══ INPUT FOR THIS TASK

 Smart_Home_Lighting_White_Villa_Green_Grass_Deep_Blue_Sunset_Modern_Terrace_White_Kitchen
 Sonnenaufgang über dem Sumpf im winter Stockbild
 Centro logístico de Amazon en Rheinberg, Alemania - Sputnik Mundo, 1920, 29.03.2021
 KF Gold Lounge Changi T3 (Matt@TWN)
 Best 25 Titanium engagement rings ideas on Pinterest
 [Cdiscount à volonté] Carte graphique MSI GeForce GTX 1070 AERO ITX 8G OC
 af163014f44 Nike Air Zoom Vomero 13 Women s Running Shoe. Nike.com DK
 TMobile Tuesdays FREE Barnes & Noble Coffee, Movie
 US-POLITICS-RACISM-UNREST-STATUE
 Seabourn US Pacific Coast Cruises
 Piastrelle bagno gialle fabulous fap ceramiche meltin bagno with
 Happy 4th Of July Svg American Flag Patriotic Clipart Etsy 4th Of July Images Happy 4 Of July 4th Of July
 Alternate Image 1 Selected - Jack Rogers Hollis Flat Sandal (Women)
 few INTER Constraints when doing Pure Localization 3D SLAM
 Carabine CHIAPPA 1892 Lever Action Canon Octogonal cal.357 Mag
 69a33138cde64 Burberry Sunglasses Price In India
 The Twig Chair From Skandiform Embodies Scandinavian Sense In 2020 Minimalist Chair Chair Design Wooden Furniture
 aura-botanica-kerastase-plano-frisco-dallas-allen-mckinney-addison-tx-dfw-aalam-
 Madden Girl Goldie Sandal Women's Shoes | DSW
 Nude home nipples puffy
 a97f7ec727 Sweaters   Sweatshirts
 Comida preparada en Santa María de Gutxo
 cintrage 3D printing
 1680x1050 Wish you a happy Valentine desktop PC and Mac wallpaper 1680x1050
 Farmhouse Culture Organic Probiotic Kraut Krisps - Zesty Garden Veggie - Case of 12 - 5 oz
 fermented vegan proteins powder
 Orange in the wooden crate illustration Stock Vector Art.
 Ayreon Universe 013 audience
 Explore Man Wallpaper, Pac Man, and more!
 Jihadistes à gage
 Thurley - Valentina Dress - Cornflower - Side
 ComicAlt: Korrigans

════

◆ WHAT IS BEING ASKED:
Count the lines in the entries above that include the string "Women", then give only that figure.

◆ ANSWER TO THIS EXERCISE:
3